Our current healthcare system is a mess, and leaves individuals in situations where they are forced to pay an arm and a leg for treaments that years ago were hardly expensive. Often, because of these costs, the sick cannot get treatment at all, and many die because of this fact. Unfortunately, our political leaders and the mass media have painted this as a grim situation with only two possible answers: increase government oversight of the health care industry, or leave the situation as is.
This is just as false a dichotomy as the supposition that we, as voters, have only the Republicans and Democrats to choose from, and must choose between neoclassical or Keynesian economics.
The assumption has been that our medical/health care industry has been largely a free market that has led to constantly increasing costs because of the “greed” of health care/insurance CEOs seeking profit. These assumptions are false. The truth is that the high cost of health care today is a direct result of numerous years of gradual government intervention in the health care industry.
During World War II, in an attempt to counter mounting inflation, the federal government instituted a wage freeze. Wages are the main way that companies compete for labor, so companies had to look for other ways to compete for workers. Companies overwhelmingly favored offering health insurance benefits to their employees, and over the years the government has instituted more and more incentives – usually through tax breaks – for companies to provide health benefits to employees. These tax incentives, and the employer mandates that eventually followed, were the key reason that employer-provided health insurance became a mainstay. It was never a natural result of the free market.
This increase in benefits gave the incentive for individuals to visit the doctor more often than they normally would (even for rudimentary colds and such) because they did not pay directly for benefits. It acted as a price control, driving up costs and creating shortages, reflected in waiting times at doctors’ offices and hospitals.
Additionally, the entire system has helped to shift insurance’s use from covering risk to paying for the basic health care necessities like hospital visits. If our auto insurance system were run like our current health care system, auto insurance would cover checkups, gasoline, oil changes, and tire rotations, rather than just the chance of crashes, and we’d pay co-pays to auto insurance companies. But this isn’t the case, because the government never got itself so entrenched in the auto insurance business (It is no coincidence that you don’t see people in Congress and the media calling for “single-payer auto insurance” and saying that “auto care is a right, not a privilege!”).

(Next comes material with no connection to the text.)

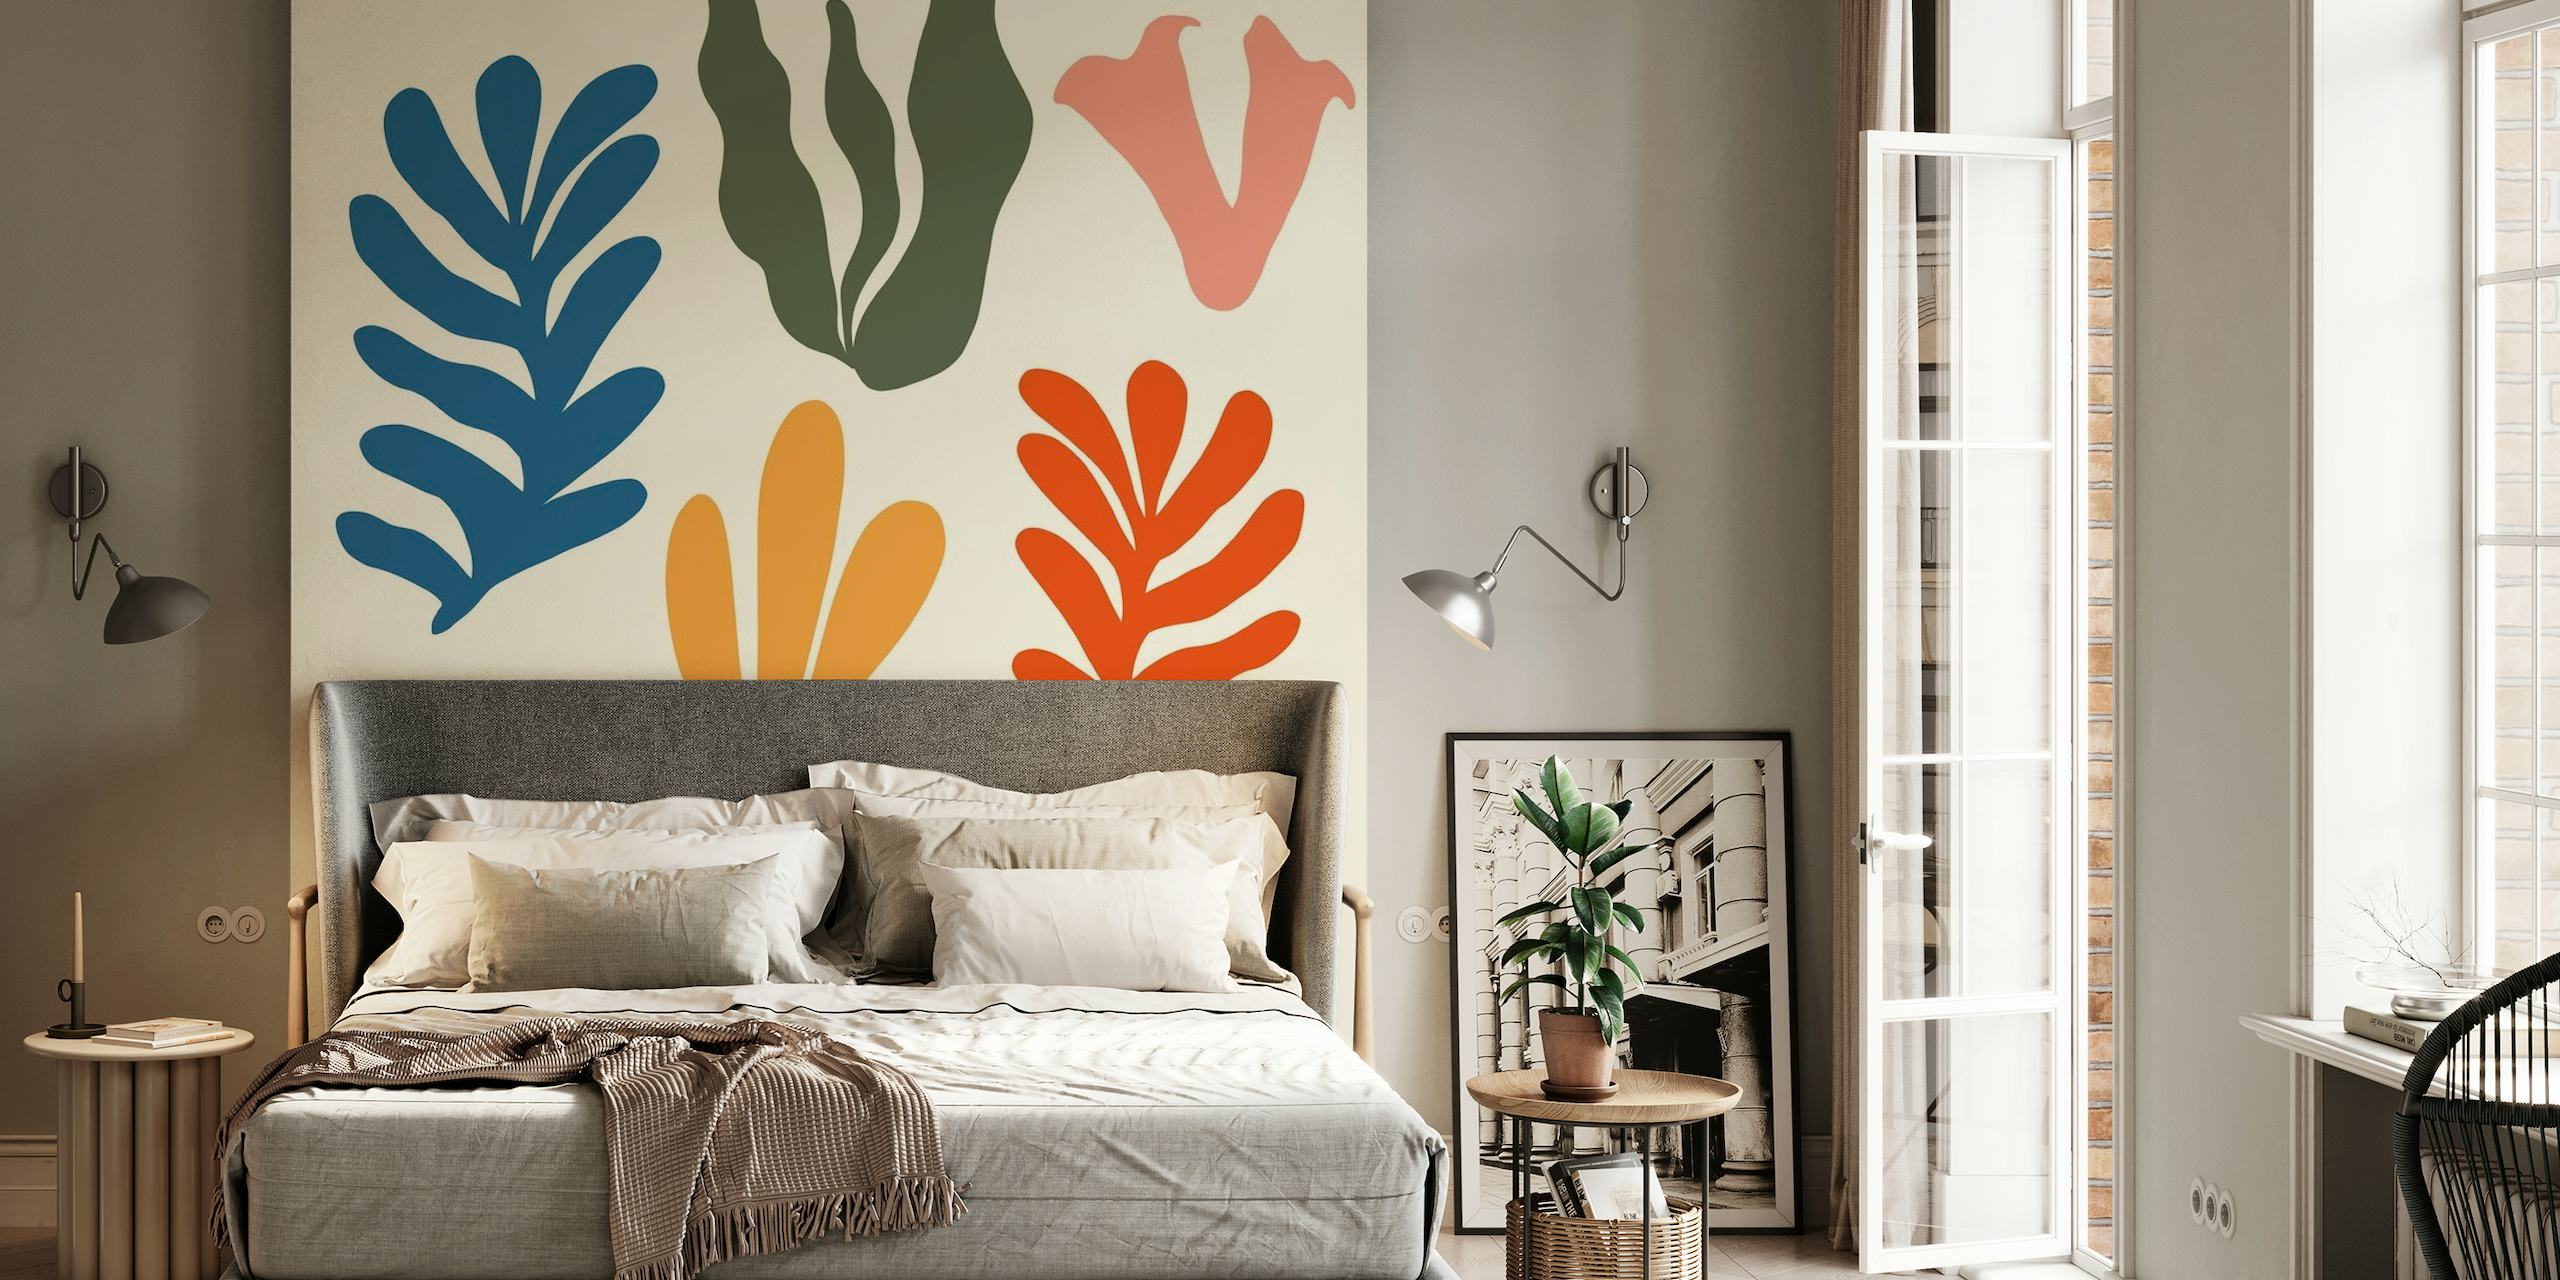 Gestileerde abstracte zeegras muurschildering met een verscheidenheid aan kleurrijke vormen op een neutrale achtergrond

As a result, we now have a cartel of insurance companies that make tons of money because the government has placed them into an arbitrary middleman role in paying for health coverage. Costs are rising because of decreased efficiencies and increased demand from the moral hazard of additional insurance benefits.

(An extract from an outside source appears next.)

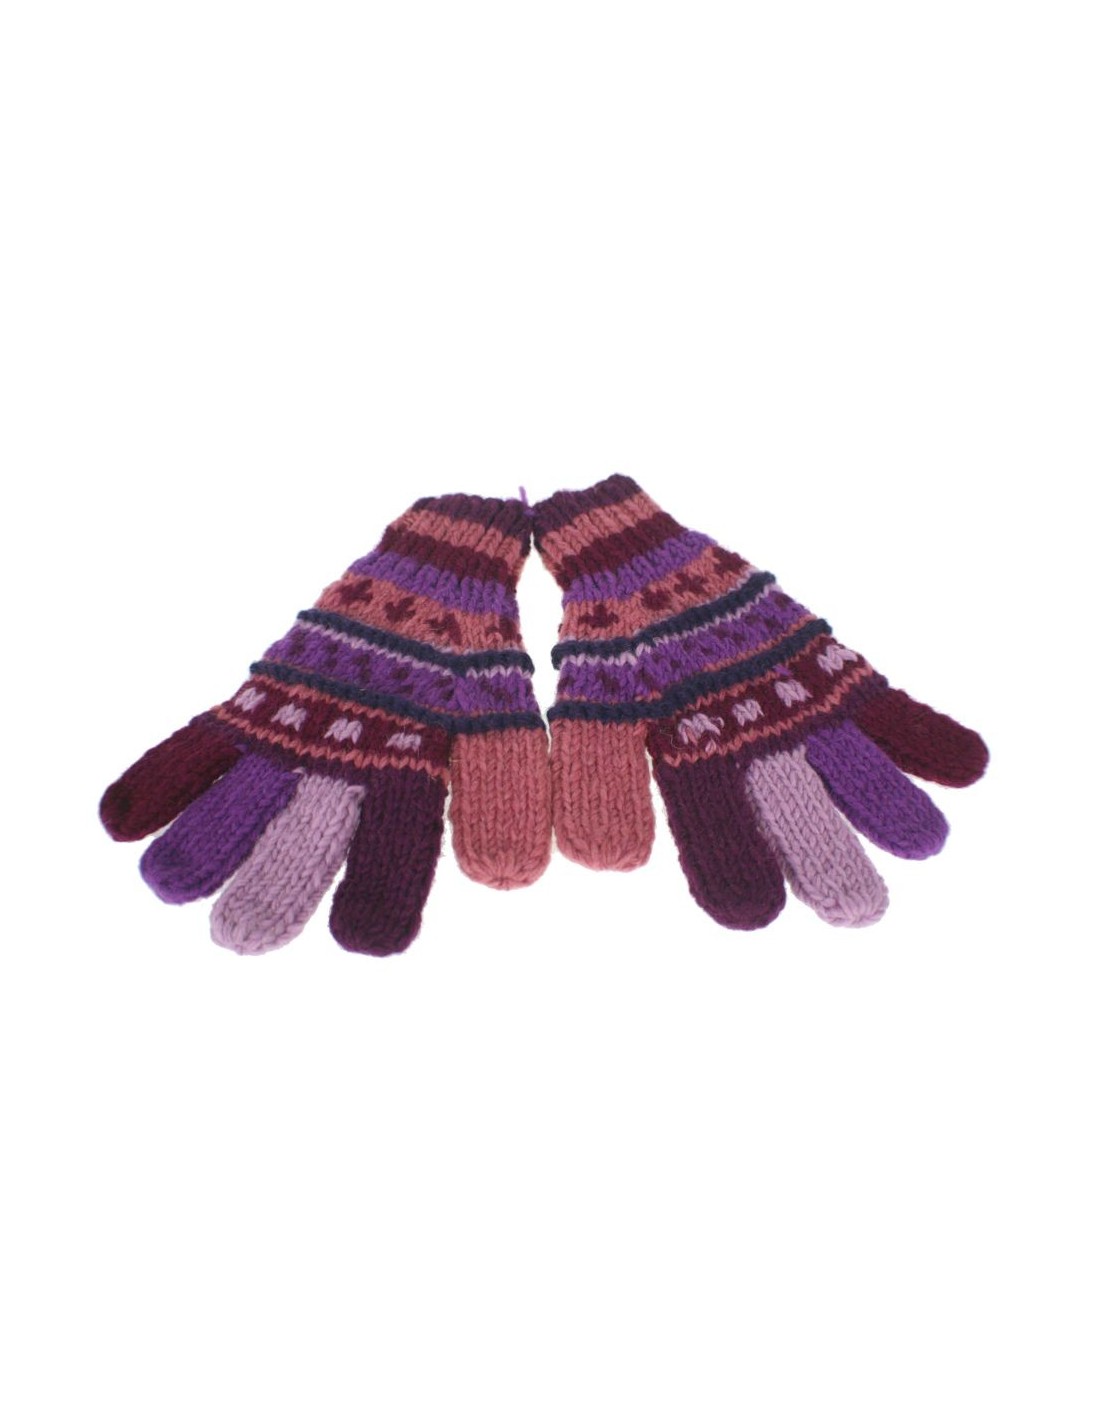 Guantes de lana color lila calientes suaves para invierno guantes unisex artesanal adulto regalo original de estilo hippie

There are also other factors that no one in politics or the media is talking about. The American Medical Association limits the supply of health providers by pursuing legal action against those who do not have the adequate licensing and training “needed” to perform the job, forcing prices higher.

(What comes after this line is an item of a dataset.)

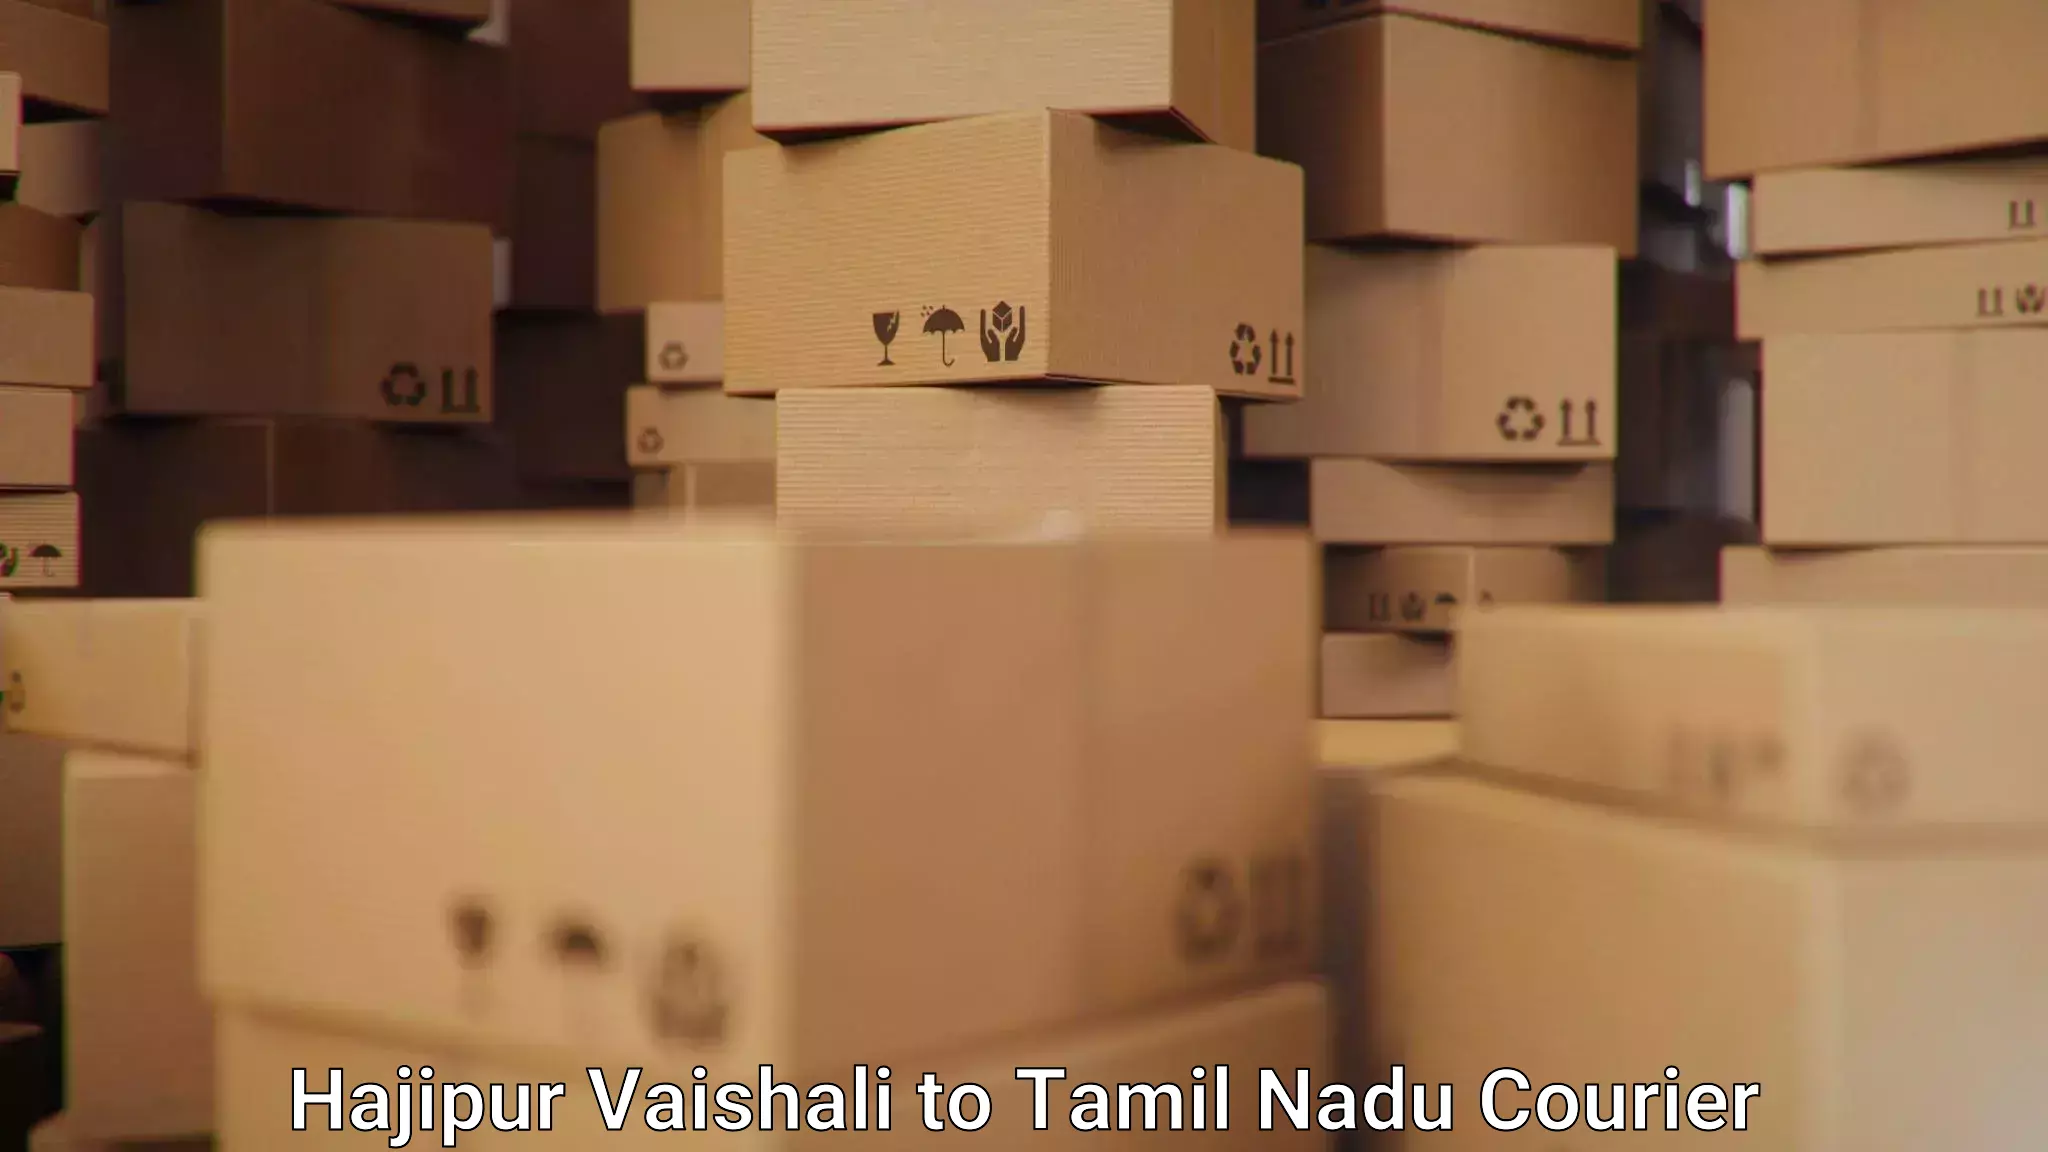 Customizable shipping options Hajipur Vaishali to Thiruporur

Medical patents stifle competition by granting pharmaceutical companies monopolies on ideas. Abolish patents, and competition would flourish, developments would progress, and big pharmaceutical companies would likely cease to exist, replaced by a more diverse and less economically stratified medical business field.
Food and Drug Administration regulation, which requires medical companies to gain approval for various drugs and technologies (approval which favors big medical companies like Pfizer because of insane approval costs), contribute to big pharma’s oligopoly as well.
Greater government intervention in the health care industry is the equivalent of trying to put a Band-Aid on a finger you just sliced off with a butcher knife. It will give consumers short-term relief while driving prices and shortages up within no time, ultimately failing. To reform the health care system, we need to return the health care industry to the free market, not take what little is left of its market involvement and socialize it. Insurance must be returned to its classic role as a hedge against risk, not as medical middleman. The AMA’s influence must be curtailed, medical patents must be abolished, and prices must be allowed to rise and fall at will to insure that people economize their health care dollars. Only when this is accomplished will our health care system reach pristine quality.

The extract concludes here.